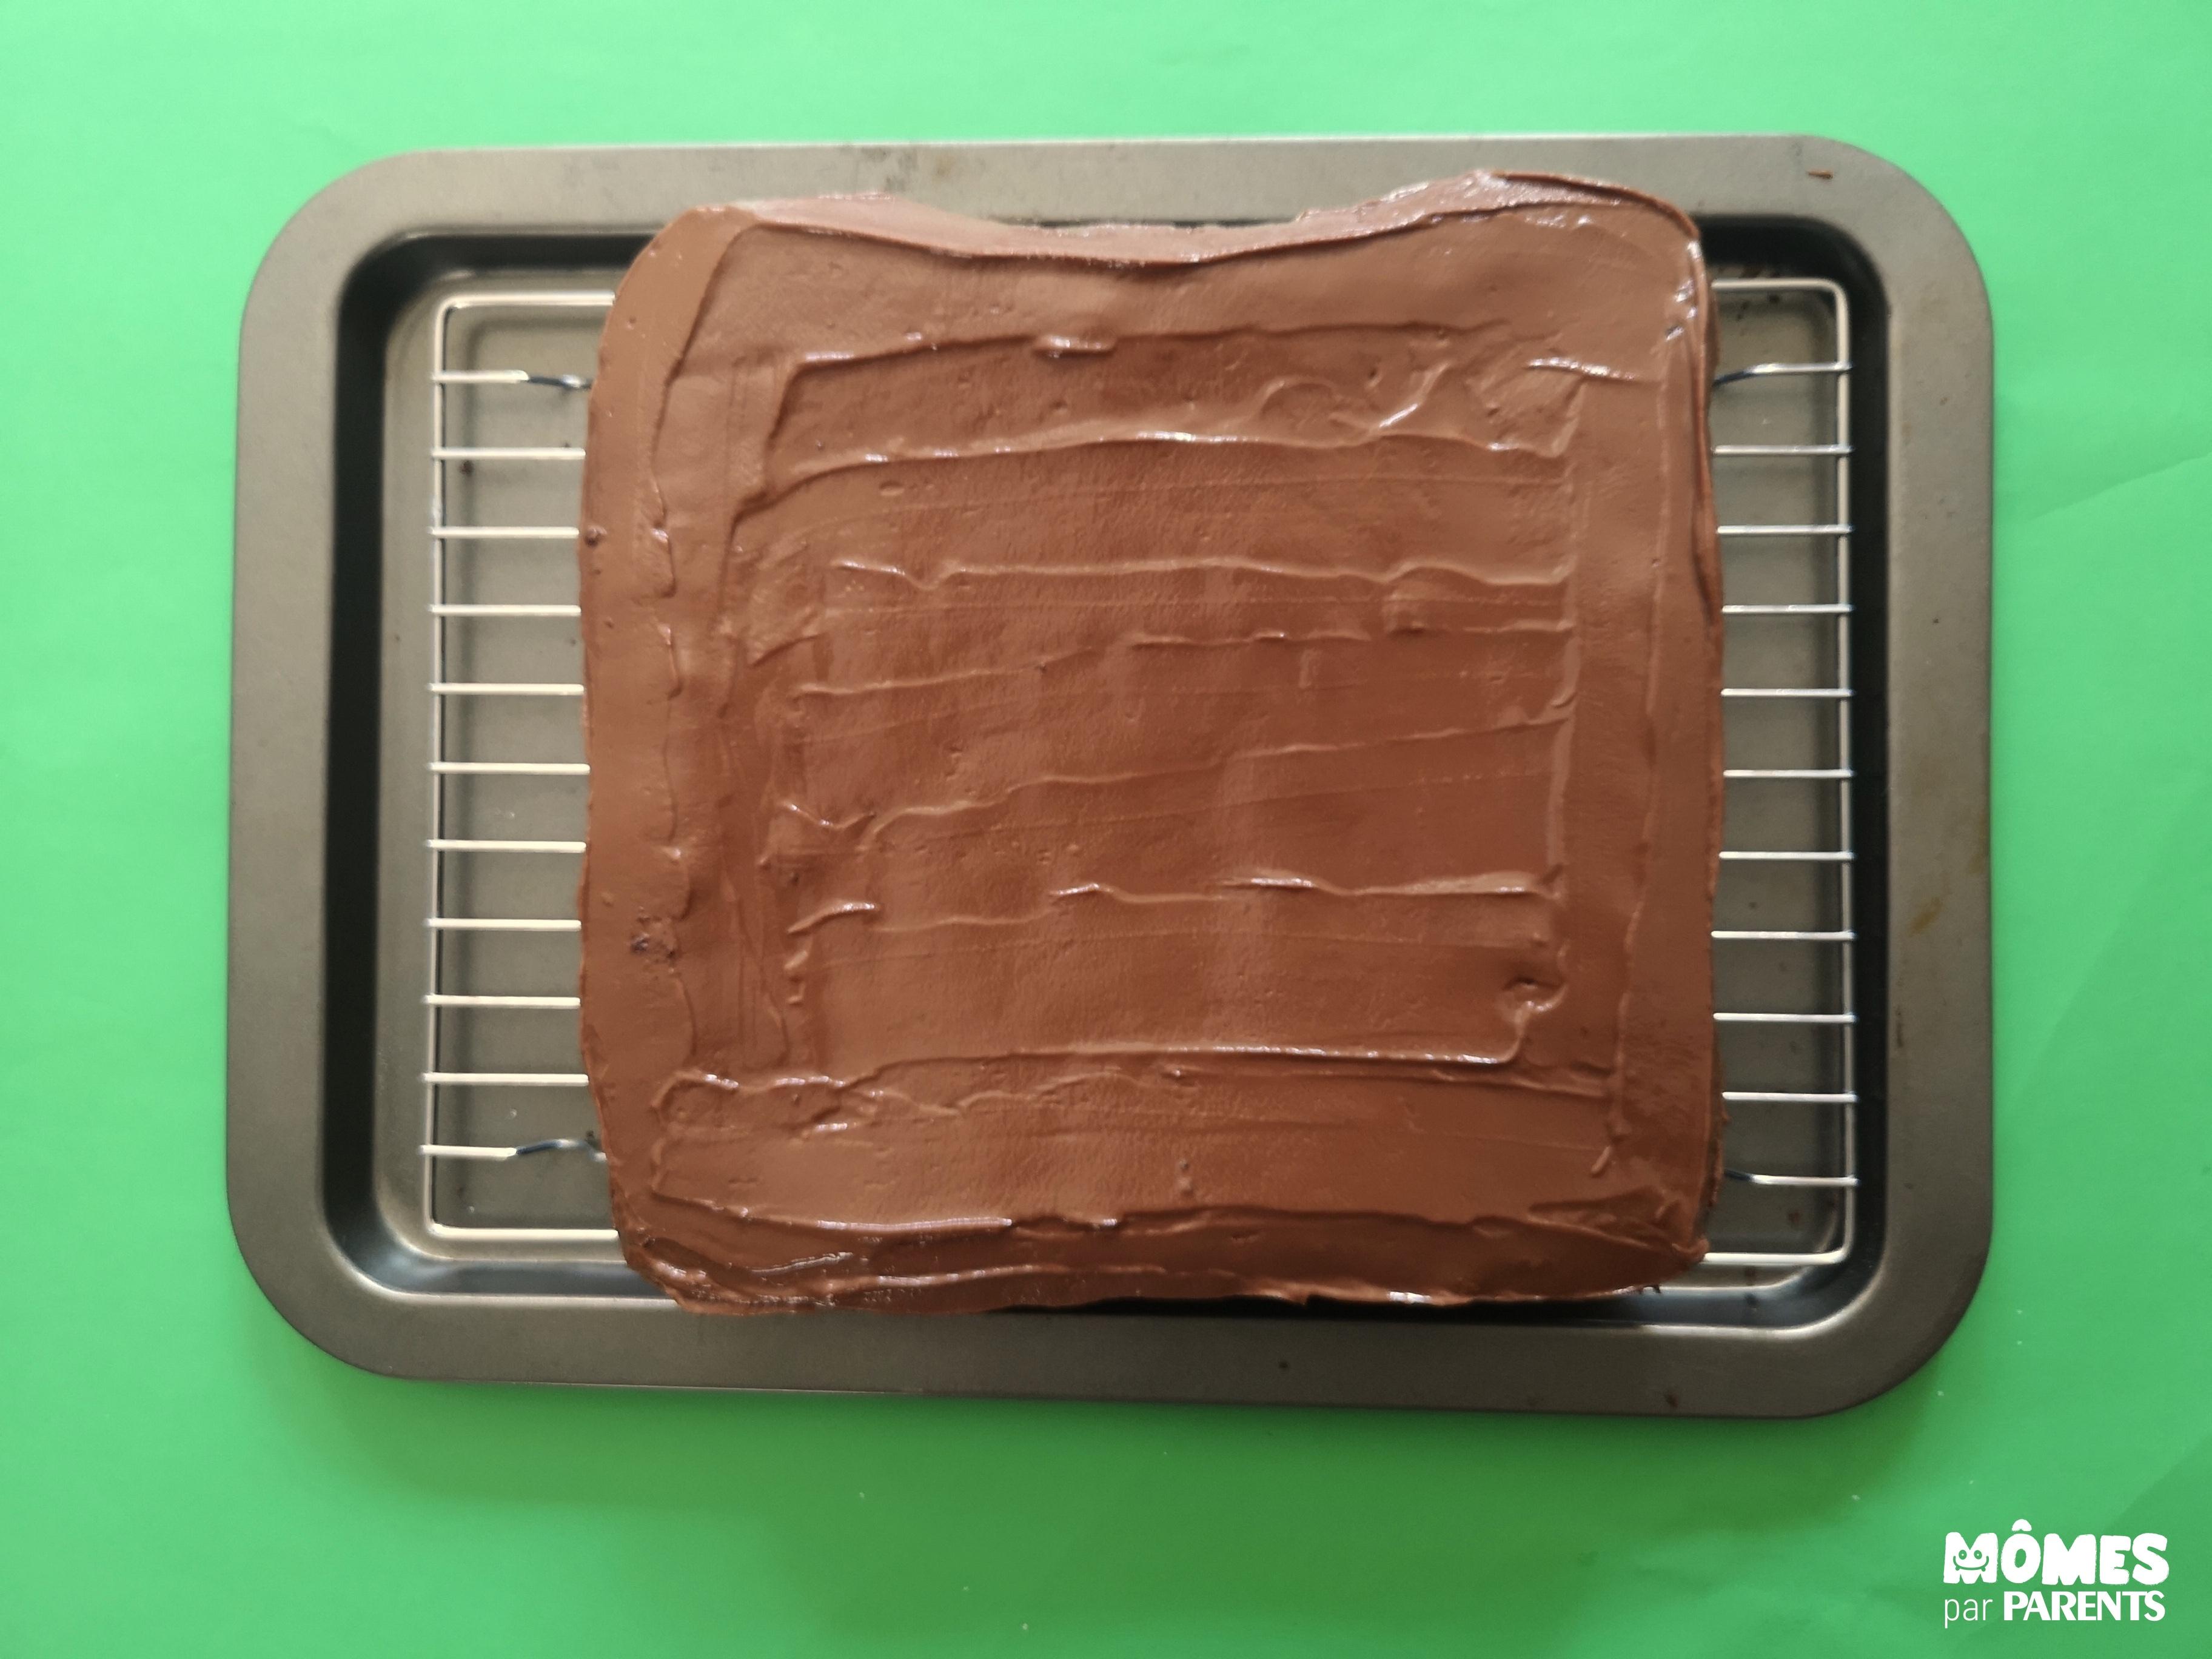 gâteau ferme nappé
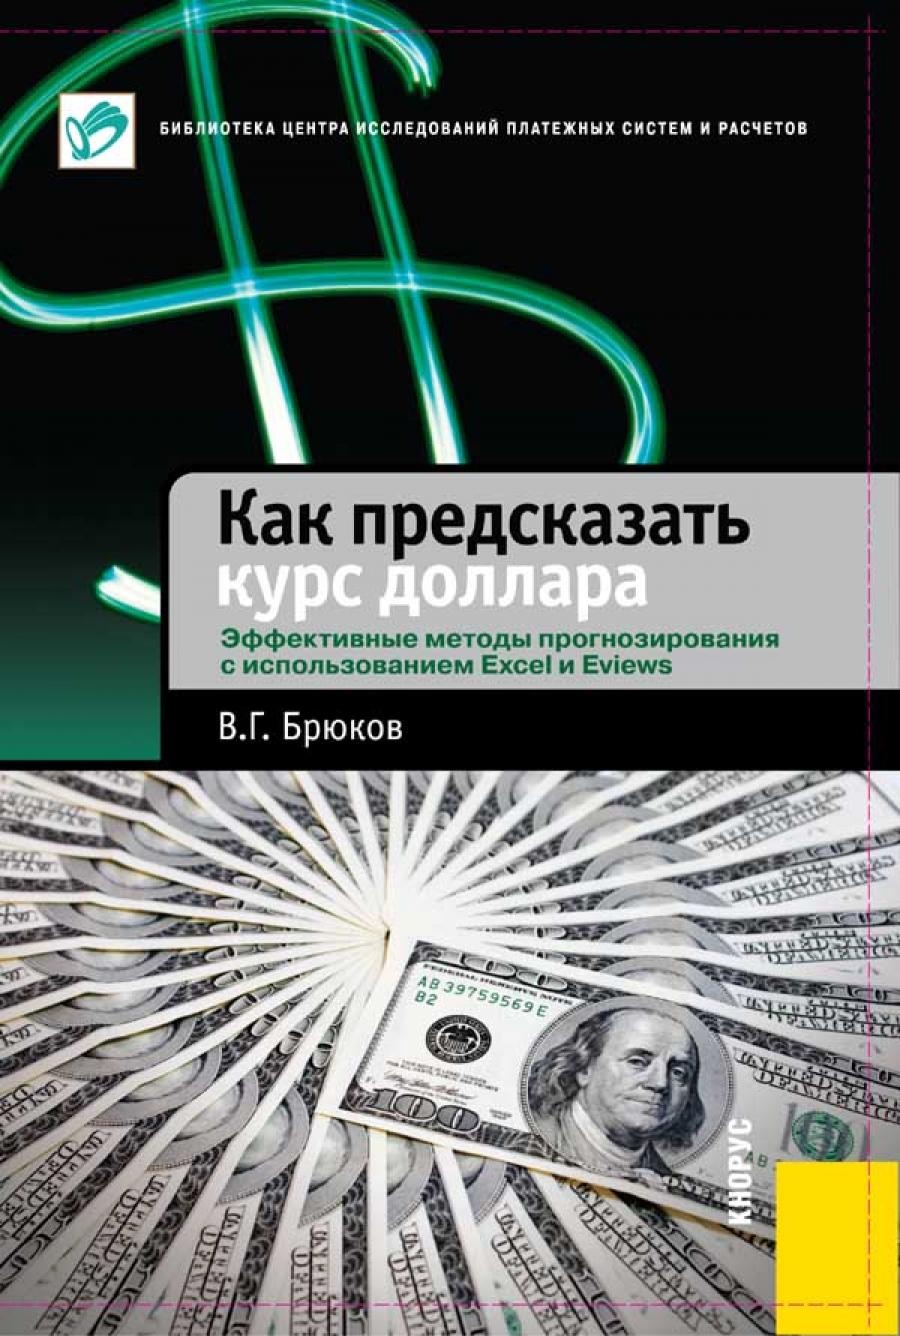 Обложка книги:  брюков в.г. - как предсказать курс доллара. эффективные методы прогнозирования с использованием excel и eviews
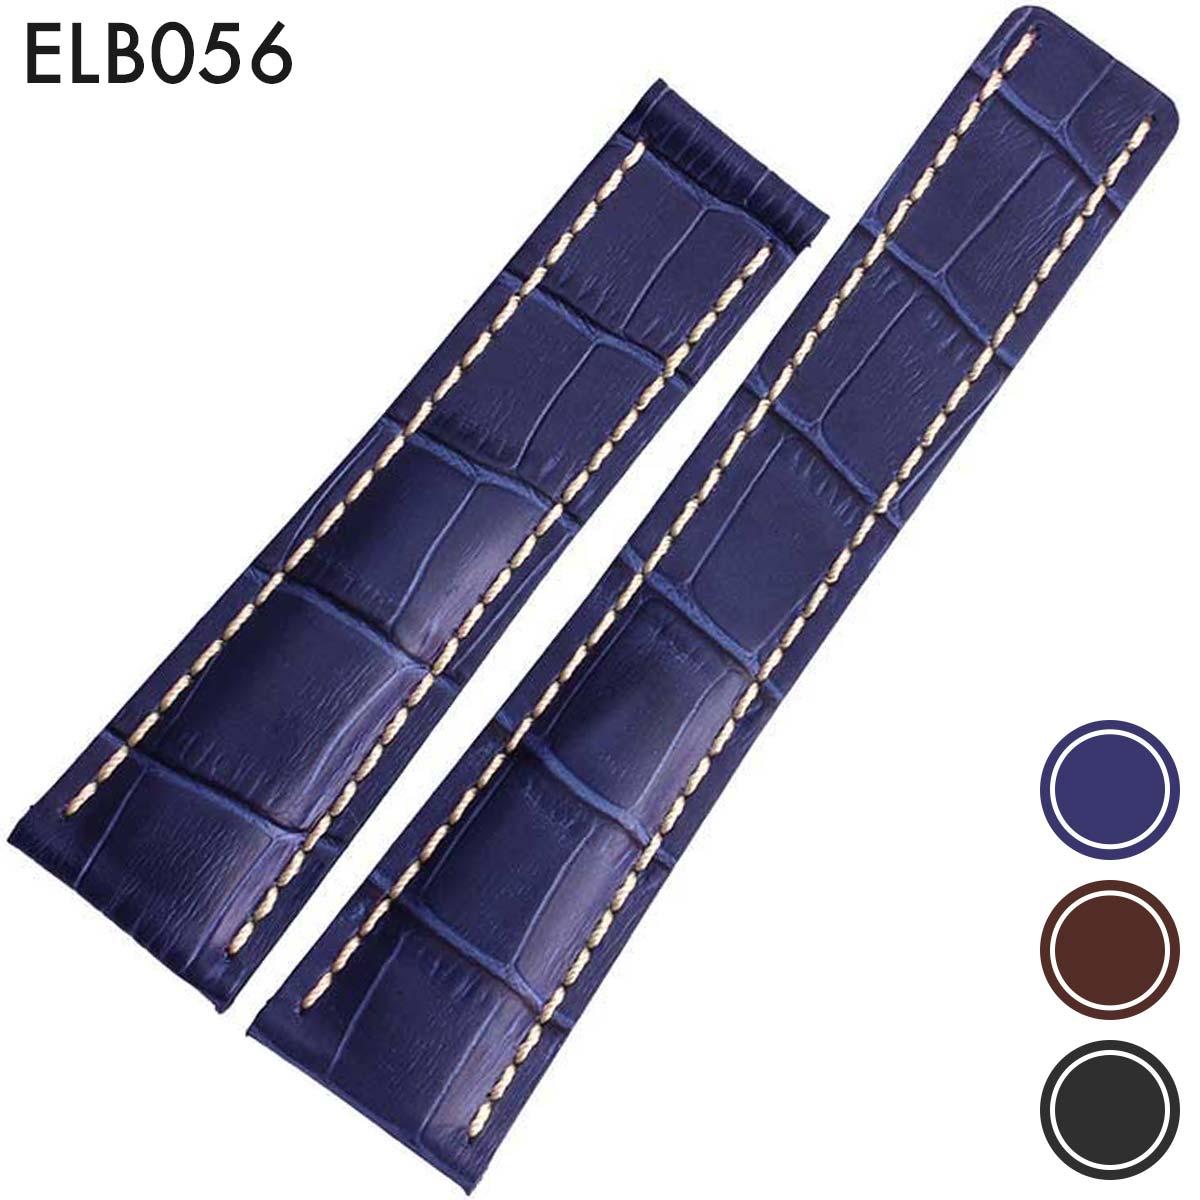 腕時計用アクセサリー, 腕時計用ベルト・バンド  22mm24mm : BREITLING () Eight - ELB056

▸ Assigned task
Please write out the lines above exactly, from the one that contains "excel и eviews" through the final line, and include none of the pictures.

▸ Your response
 Обложка книги:  брюков в.г. - как предсказать курс доллара. эффективные методы прогнозирования с использованием excel и eviews
 腕時計用アクセサリー, 腕時計用ベルト・バンド  22mm24mm : BREITLING () Eight - ELB056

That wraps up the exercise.